A novel bi-material negative stiffness metamaterial in sleeve-type via combining rigidity with softness

Negative stiffness metamaterials (NSM) can dissipate mechanical energy repeatedly based on a snap-though mechanism. However, this mechanism is only effective when many NSM cells are arranged in series or such cell is assembled with a spring. Limits of the mechanism bring a challenge to improve the energy dissipation capacity of the NSM. Here, a novel bi-material NSM in sleeve-type (BMST-NSM) is designed which can dissipate mechanical energy even if the metamaterial is only composed of one negative stiffness cell. The quasi-static loading?unloading experiment is conducted to investigate the characteristics of BMST-NSMs; a multilinear model is presented to characterize the load?displacement curve of BMST-NSMs; and the finite element method (FEM) is used to study the characteristic of strain distribution in BMST-NSMs. Research results show that BMST-NSM can be tailored to be recoverable or multi-stable through parameter design. BMST-NSMs are also tested under different loading speeds and high cyclic loading, which shows that the recoverable BMST-NSM is of good reusability and energy dissipation ability. Moreover, it indicates that BMST-NSM can exhibit a high energy absorption capability within a certain limited displacement range.
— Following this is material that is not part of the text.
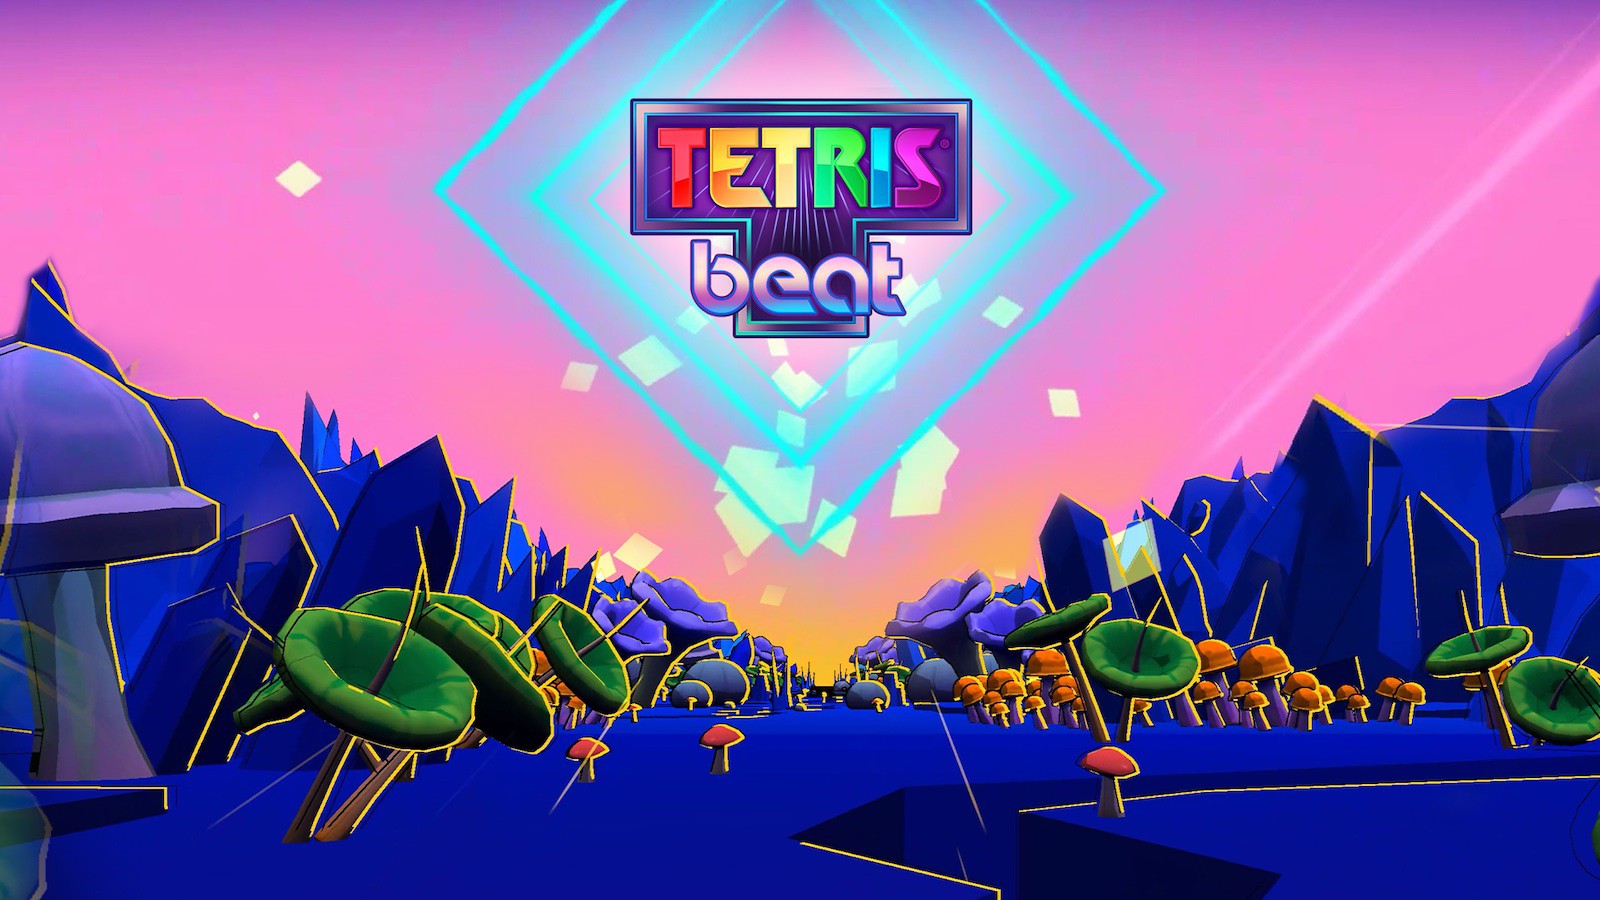 В Apple Arcade вышла музыкальная игра Tetris Beat. Ставим блоки под бит

The presented BMST-NSM has great prospects in low ultra-low frequency vibration isolation and energy dissipation in impacting protection.

Automated summary

Negative stiffness metamaterials (NSM) have the capability to repeatedly dissipate mechanical energy, but typically require multiple cells arranged in series or assembled with a spring. A novel bi-material NSM in sleeve-type (BMST-NSM) is introduced, which can dissipate energy even with just one negative stiffness cell, and can be tailored to exhibit recoverable or multi-stable behavior through parameter design. Through testing, it has been demonstrated that BMST-NSM shows good reusability, energy dissipation ability, and high energy absorption capability within a limited displacement range, making it promising for low ultra-low frequency vibration isolation and impacting protection applications.